:: TASK MATERIAL
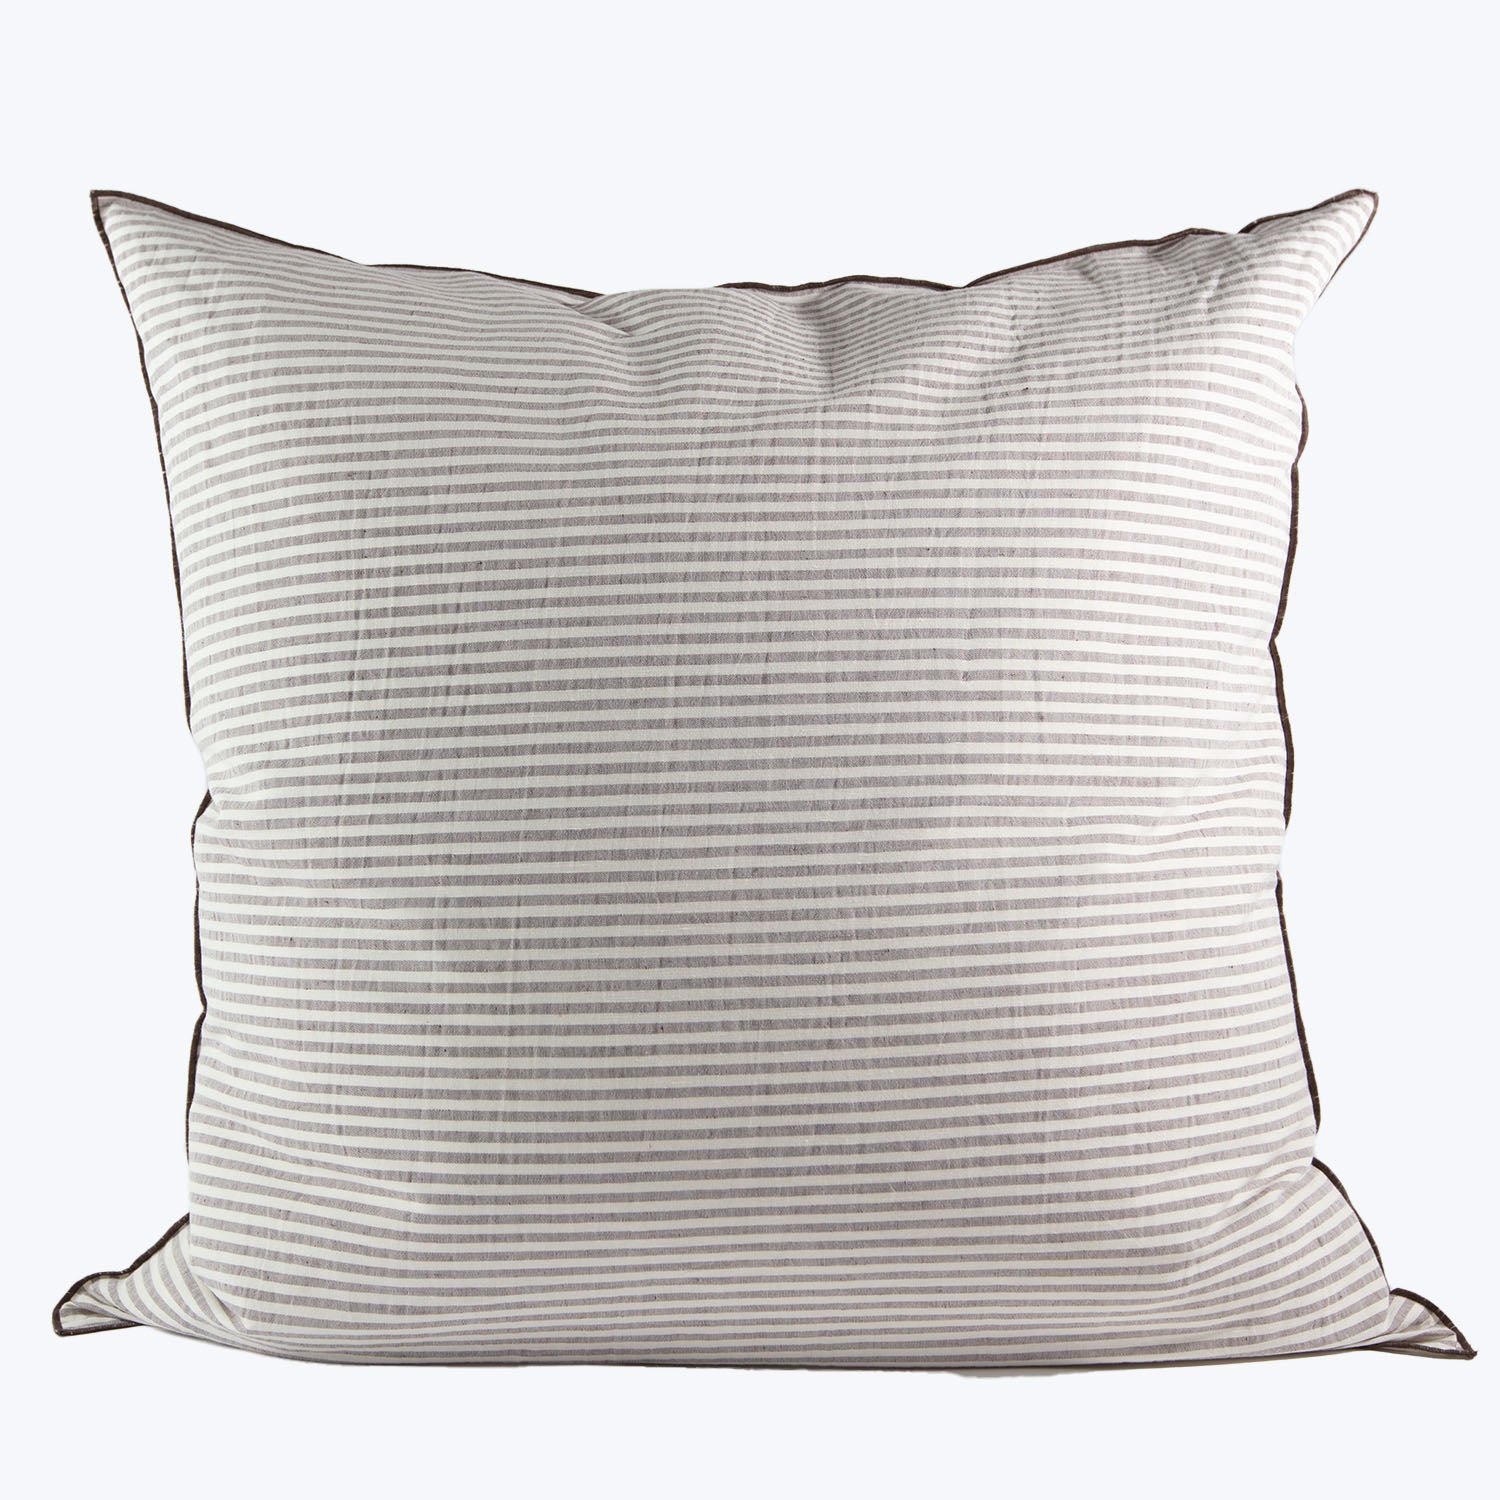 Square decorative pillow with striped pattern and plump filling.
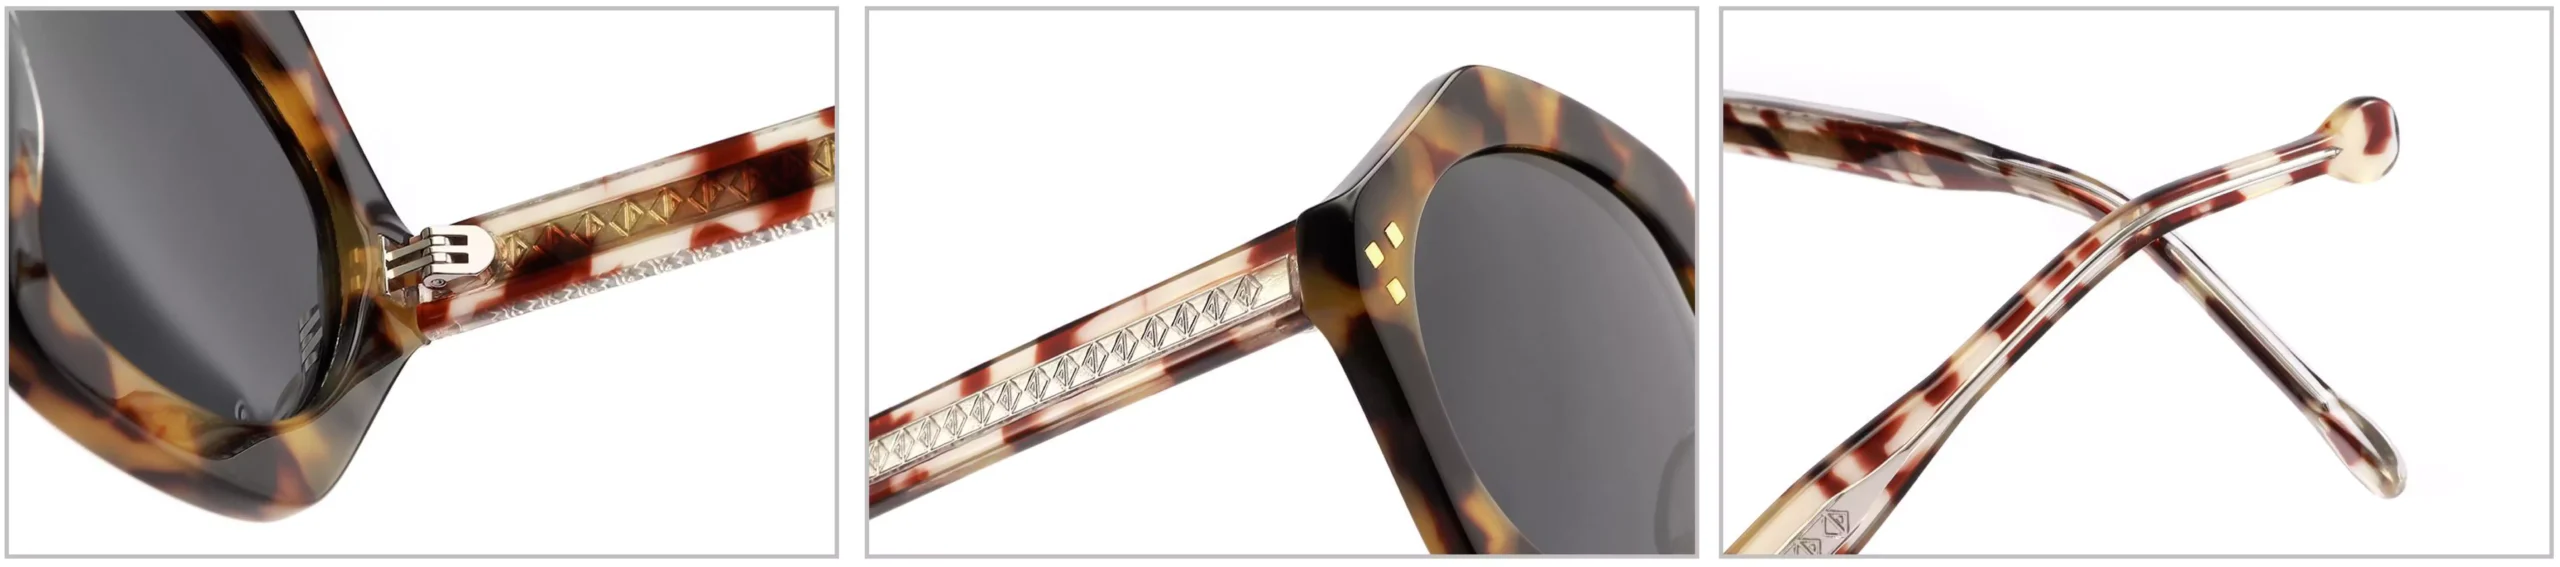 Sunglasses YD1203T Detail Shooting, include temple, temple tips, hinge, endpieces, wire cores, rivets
::::
:: TASK MATERIAL
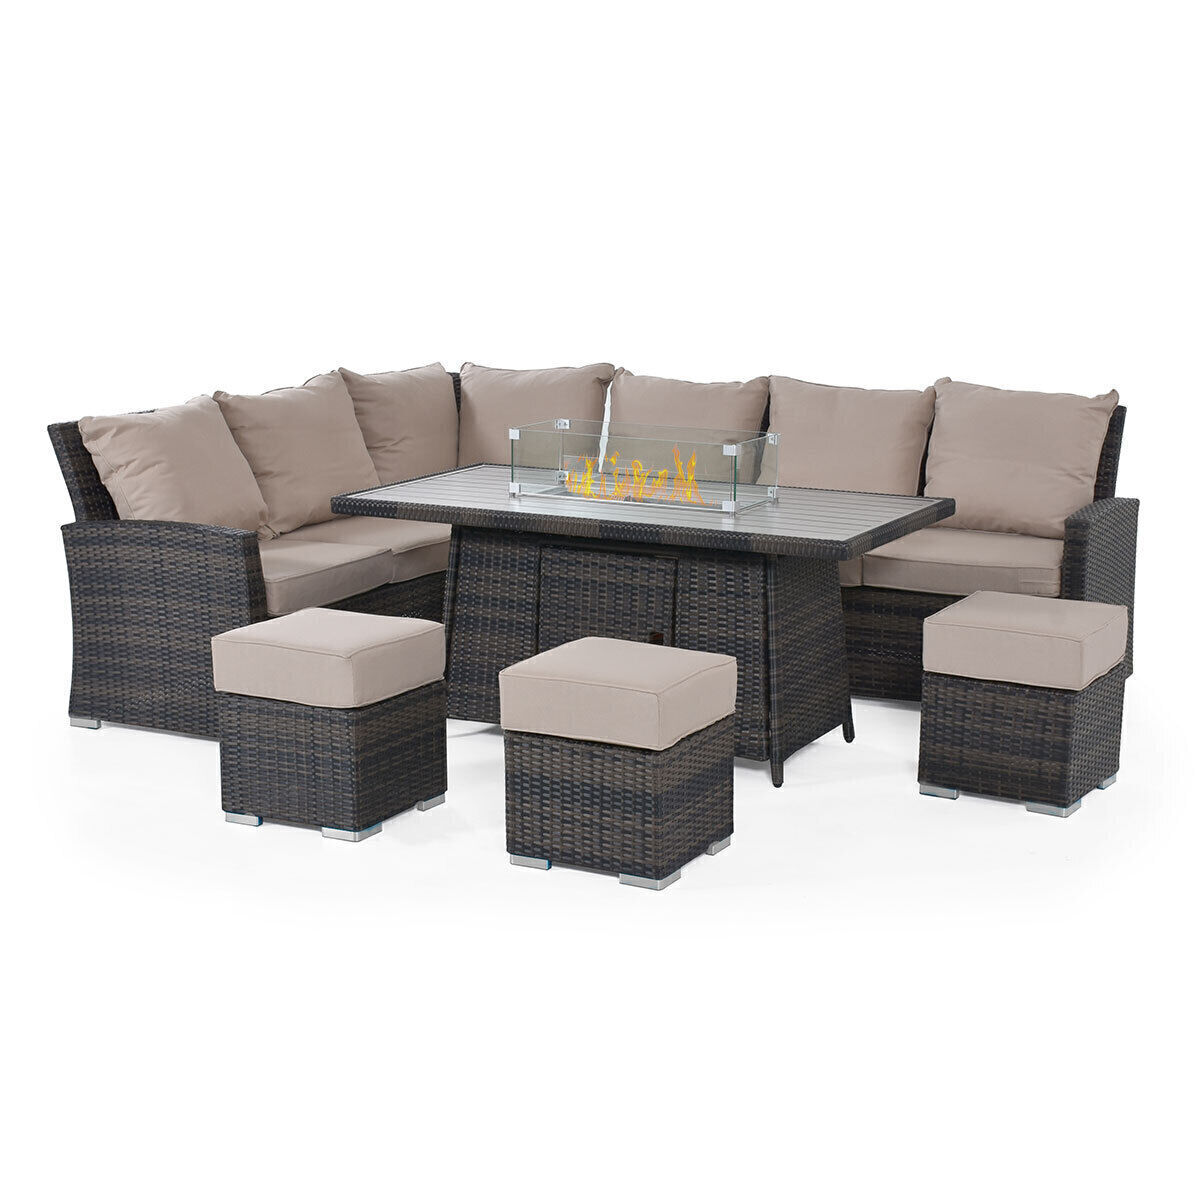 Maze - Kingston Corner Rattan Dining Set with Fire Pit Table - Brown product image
::::
:: TASK MATERIAL
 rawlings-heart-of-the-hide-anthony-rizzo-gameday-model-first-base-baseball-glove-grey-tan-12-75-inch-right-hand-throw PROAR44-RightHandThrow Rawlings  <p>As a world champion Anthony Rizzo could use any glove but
::::
TRY IT >> Starting with the line that has "Square decorative pillow" and going on through the line that has "Sunglasses YD1203T Detail", transcribe the records above exactly, but skip the pictures.

ANSWER TO THE PROBLEM >>
 Square decorative pillow with striped pattern and plump filling.
 Sunglasses YD1203T Detail Shooting, include temple, temple tips, hinge, endpieces, wire cores, rivets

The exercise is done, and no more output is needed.